Thanks for your responses. I started looking into a solar system back in early January and did extensive homework, spending countless hours reading everything I could at the Whirlpool site. 
I looked into around 24 companies, deleting those who had several forum complaints and deleted those who sounded too good/too cheap to be quality. As time went by, and seeing the benefits of solar, I increased the size of my preferred system and selected a quality inverter and panels. 
I was recommended a solar retailer, whose presentation by the manager was uninformative and amateurish. I eventually rejected this company for failing to return promised phone calls and ignoring emails. Friends who are computer illiterate, chose to believe the same company's slick salesman's spin and went ahead with their install. Much was made at their presentation of the CEC endorsement. 
This retailer proudly displayed the CEC's logo on their glossy brochure, which gave me the impression they were endorsed or accredited, but in reality the logo meant nothing. 
To think that the Dept of Fair Trading will act should you have problems later is a fairy-tale. In SA they only give opinions little else, and the retailers play on this. The ACCC are another mob asleep at the wheel. 
I have since signed with a reputable (smaller) company who has been around a few years and paid a deposit, but any consumer protection from the solar retailers by the CEC is all smoke and mirrors and should be exposed as such.

----------


## Bloss

> I've got my inverter mounted under the house, thus keeping it out of direct sunlight and nice and cool.
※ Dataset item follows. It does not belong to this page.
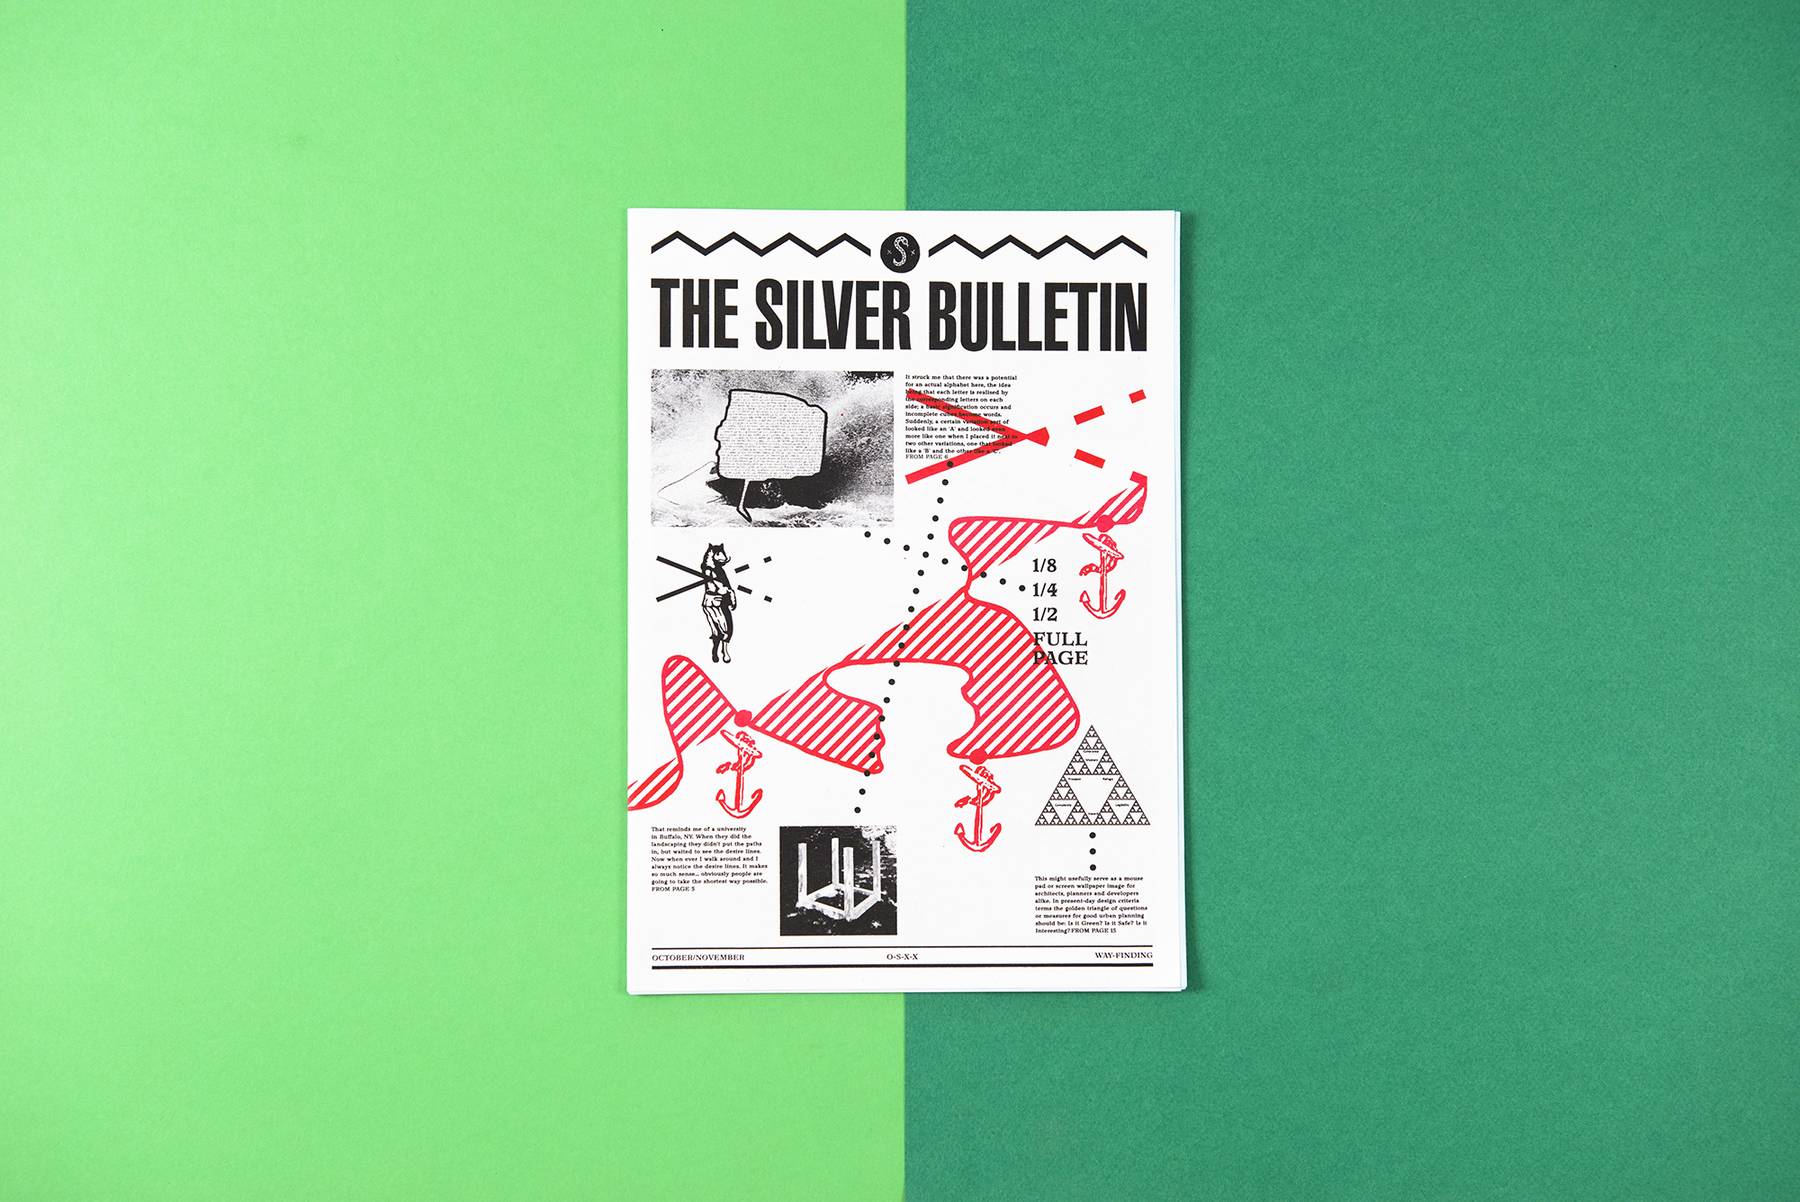 The Silver Bulletin 2011 image
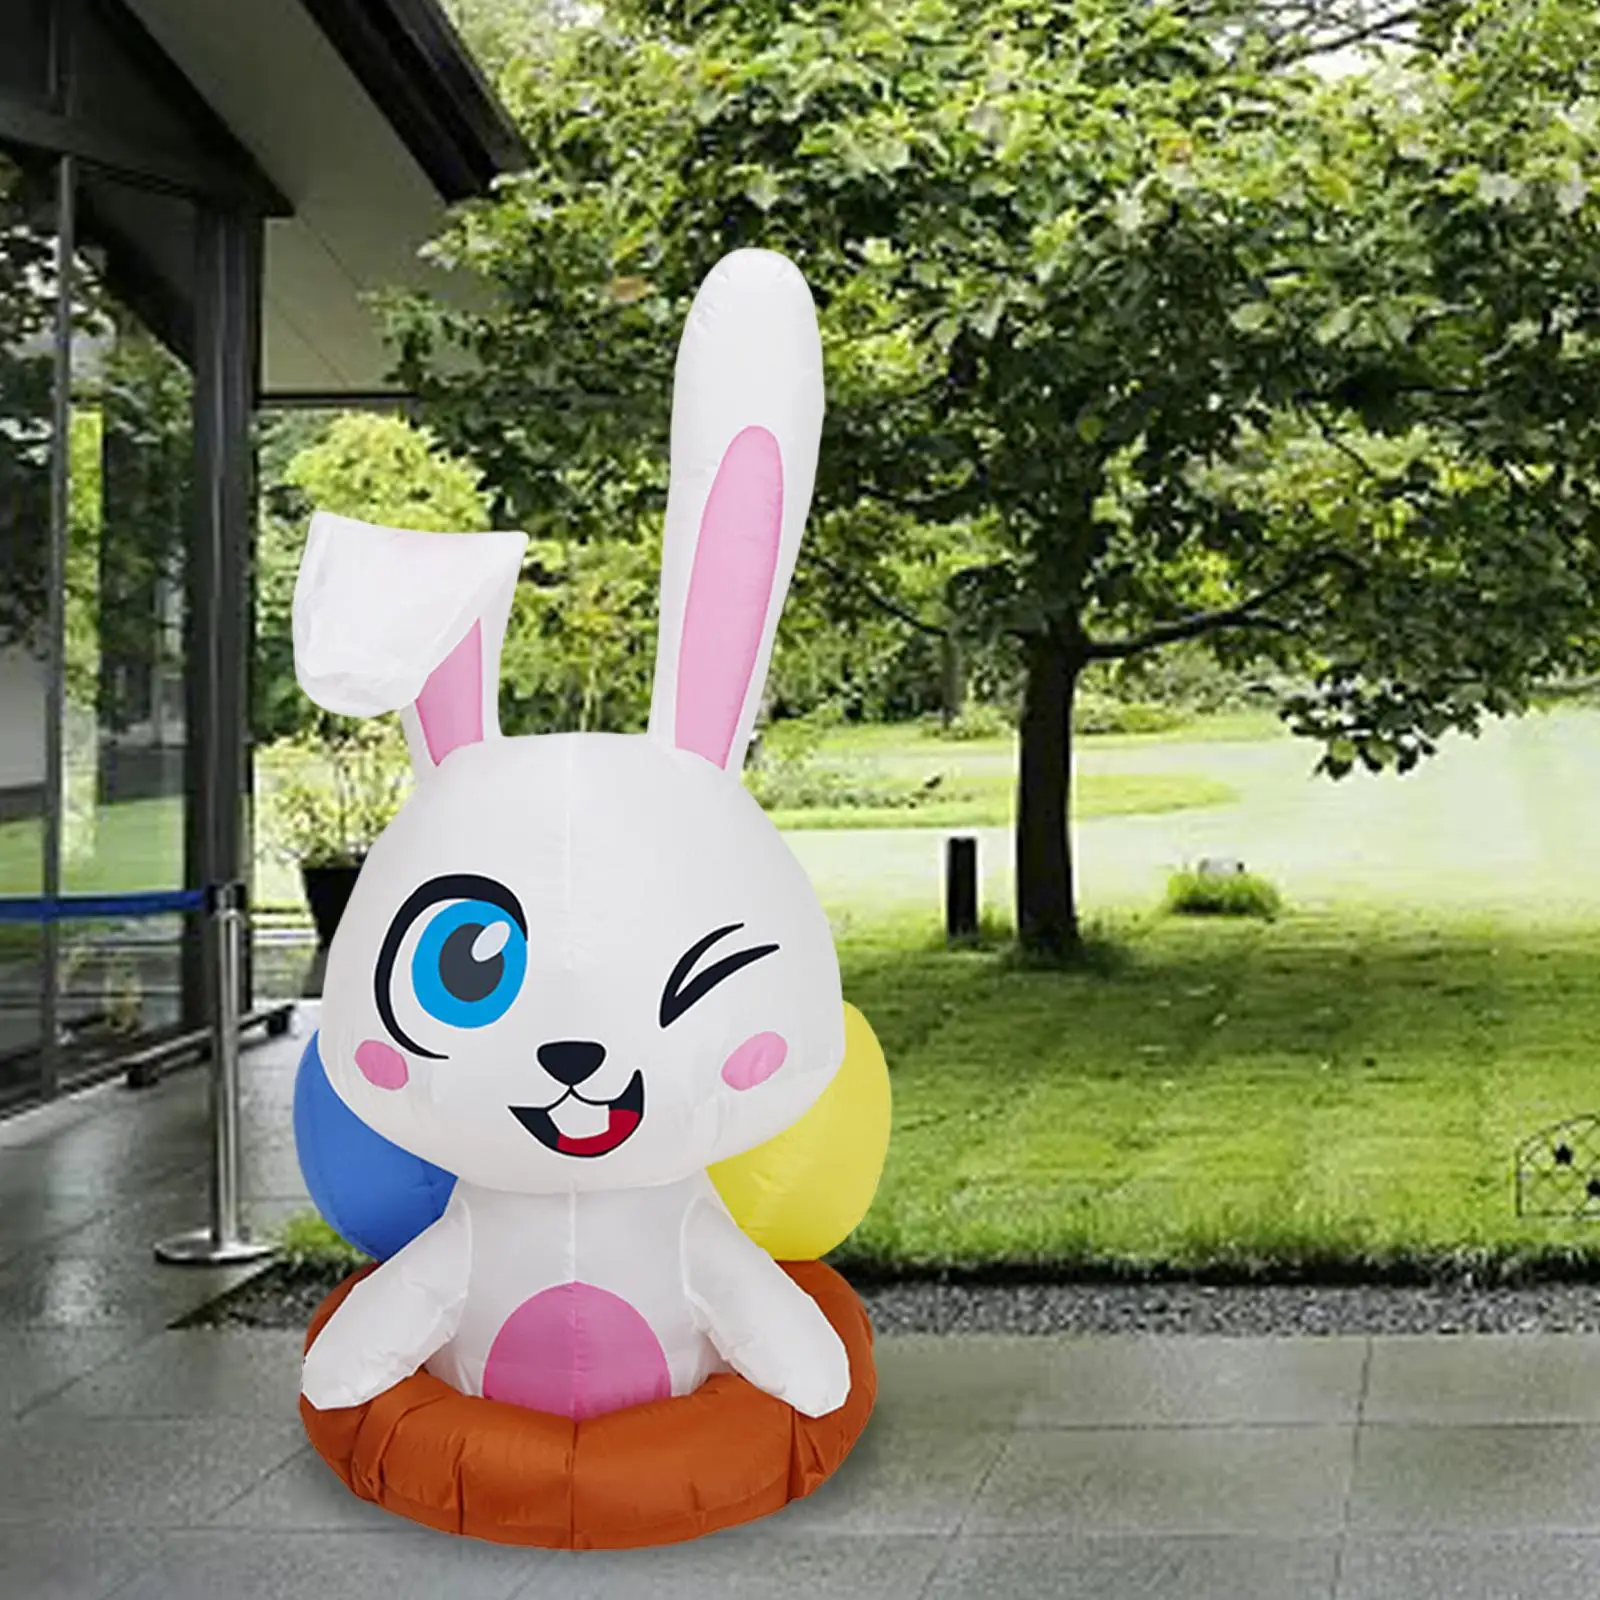 LED Light Easter Inflatable Decoration Rabbit Ornament for Home Lawn Yard Decoration

  me too - on the south side under the concrete floor of my laundry.  :2thumbsup:  
As to the supposed consumer protection regulatory systems - they are, have always been and always will be the last resort and can mostly act after the event. That's why I try to give advice on what to look for, including the one that works best - personal trust and word of mouth - from friends who are happy with the work, and what you ended up doing: find a good local business who have been doing it for a while (and pay them a little more if need be). 
The notion that some government body will be able to protect you except in the most extreme cases (and even then they tend to focus on punishment of the offenders not fixing the customers problems) is naive at best. But when you have people who will sign up and pay for a house worth hundreds of thousands of dollars and then come on here to discover what it is built from and what constraints might there be on renovating what hope is there? Very hard to protect people from themselves .  .  .

----------


## racingtadpole

Welcome to what is a feral industry.  I was about 2/3rds the way through my studies toward an Adv Diploma in RE  (which included the Design/Install accreditation) when things changed and the Diploma course I was doing was shut down pretty much overnight.  This happened shortly after the BCSE became the CEC.  I literally got an email on a Thursday stating that any outstanding modules not submitted for assesment by the Friday of the week following would be closed out as not completed.  That course has now evaporated and was scheduled to become a Cert 4 course with an option to do EXTRA units to get the Adv Dip.  That was two years ago.  I rang the farce of a training institution and spoke to the senior lecturer that had been in charge of the delivery of the Adv Dip and he informed me that the change of name from BCSE to CEC had also meant some changes to the training for the accreditation.  Essentially what he told me without actually saying it out loud directly was that the CEC was concerned that the industry was seeing too many people wanting to get into it and as a result the training was altered to all but shut out anyone who wasnt already a sparky, ie they were looking to make it somewhat more of a closed shop (trust me when I tell you that coming in from an allied industry (even though I work with PV setups regularly) was a royal PITA).
I have dealings with contractors that do stuff for us at work and the reports are of an industry that is so cut throat that suppliers are undercutting distributors in order to win contracts and its not uncommon for someones grandmother to be sold to the highest bidder to assist in getting a foot in the door.  Of course the arrival of the Chinese imports hasnt helped either.  An install costs a finite amount to do and if suppliers are cutting corners to make deals, its normally the installer that gets squeezed into the position of having to cut corners.
Am I the only one that finds it ironic that most of the big players tied to the CEC are either Coal or Oil based...... 
Jacksin, if you are after a recommendation, go and have a chat with Solaris.  They are a little more expensive but that is reflected in the quality of the finished work.

----------


## Bloss

With all the best of intentions I don't really count recommendation from forum members as 'word of mouth' so far as advice on local businesses goes - that advice needs to be both local and preferably from people you know or those recommended by people you trust. Likewise on negatives against businesses - one of the reasons Admin will remove names is that it is not really possible to judge all sides of a situation. 
And yes CEC is hardly impartial - a few foxes in the hen house IMO. 
Just my view though.  :Cool:

----------


## watson

Let's just keep it on topic and with a bit of decorum please.

----------